Syrian government airstrike 'targets school' killing at least eight children

UK-based Syrian Observatory for Human Rights says death toll is expected to rise as raids hit northern city of al-Raqqa

An airstrike has hit a school in northern Syria, killing at least 12 people most of whom were children, an opposition group has said.

The UK-based Syrian Observatory for Human Rights, which uses sources inside the country to report on atrocities committed by the Assad regime, said the death toll was likely to rise with several people still seriously injured.

The air raid took place in the major city of al-Raqqa on the north bank of the Euphrates River. It is the only provincial capital under full rebel control in the whole of Syria.

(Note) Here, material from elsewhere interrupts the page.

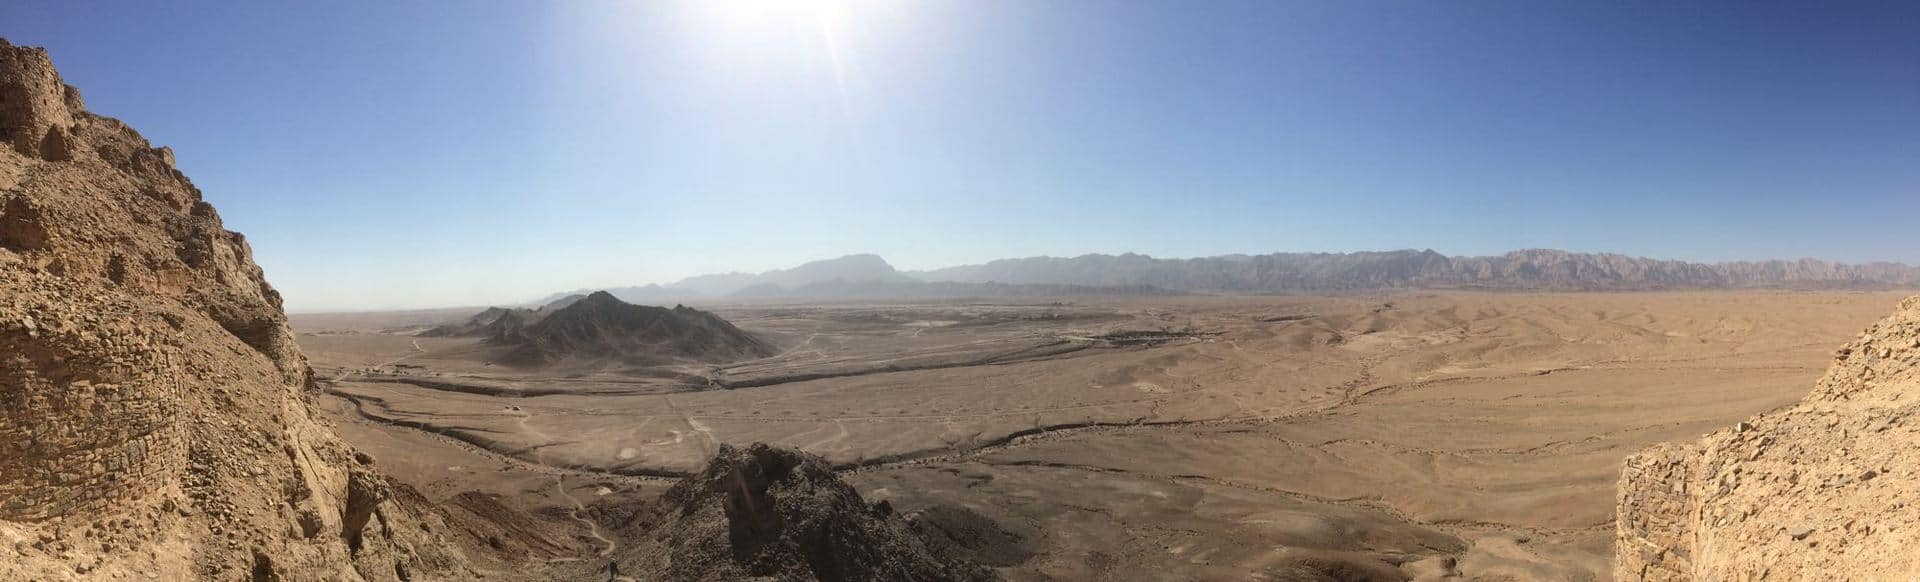 ørken_iran_isfahan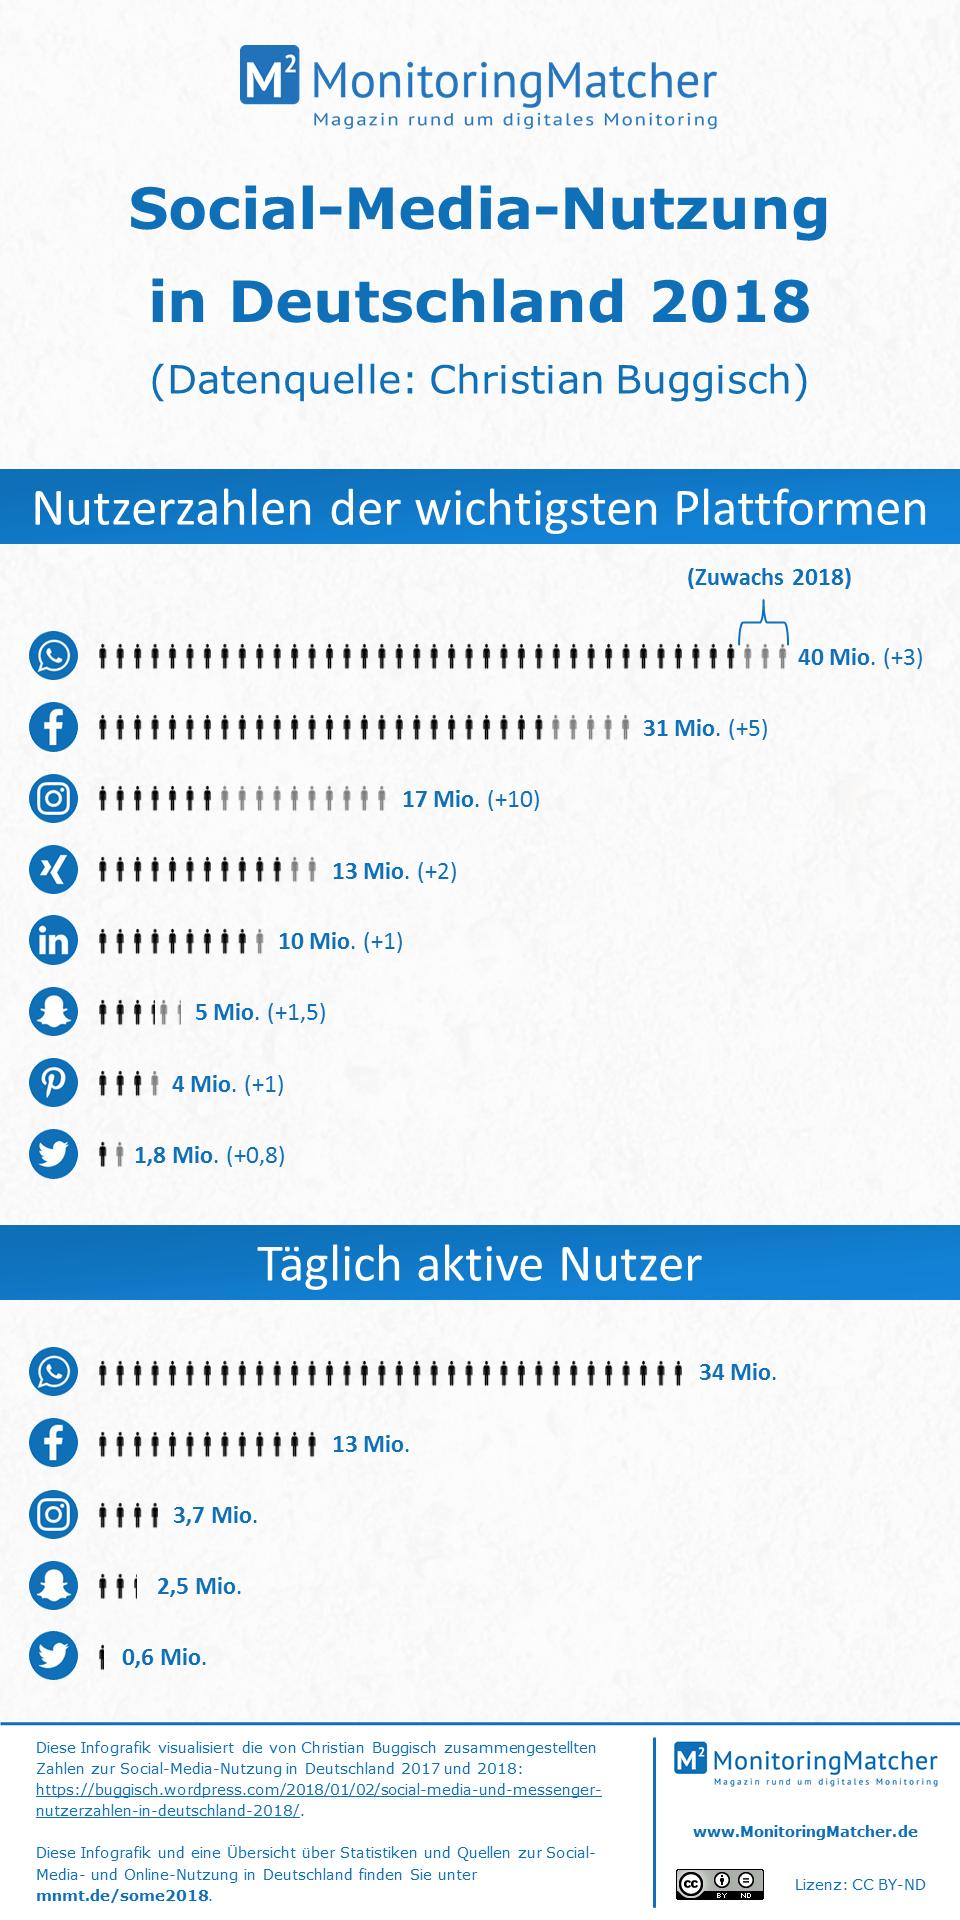 Infografik zur Social-Media-Nutzung in Deutschland 2018 und weitere hilfreiche Quellen und Statistiken zur Online- und Social-Media-Nutzung

While President Bashar al-Assad’s government has relied heavily on its aerial power to maintain a strong position in Syria’s civil war, the Observatory said the regime has pledged in the past not to target schools and universities.

The attack this morning appeared to hit an open area at the front of the school. With Sunday being the first day of the working week for most schools in Syria, dozens were caught up in the blast.

Observatory director Rami Abdul-Rahman said at least eight of the dead were students at the al-Tijariya high school.

In a statement he said: “The SOHR strongly condemns this massacre committed on Syria's promising future generation and demands, once again, to take the daily atrocities and war crimes committed in Syria to the International Criminal Court in order that those committing and participating in the crimes be prosecuted and punished.”

Amateur videos posted online showed at least nine bodies, some of them missing limbs, lying on pockmarked pavement strewn with rubble. At least four of the bodies appeared to be of young people.

Another video shows pools of blood on the ground and a concrete wall destroyed in the bombing.

The Associated Press reported that the videos appeared genuine, though they could not be fully independently verified, and said the images corresponded to other reports coming through of the events shown.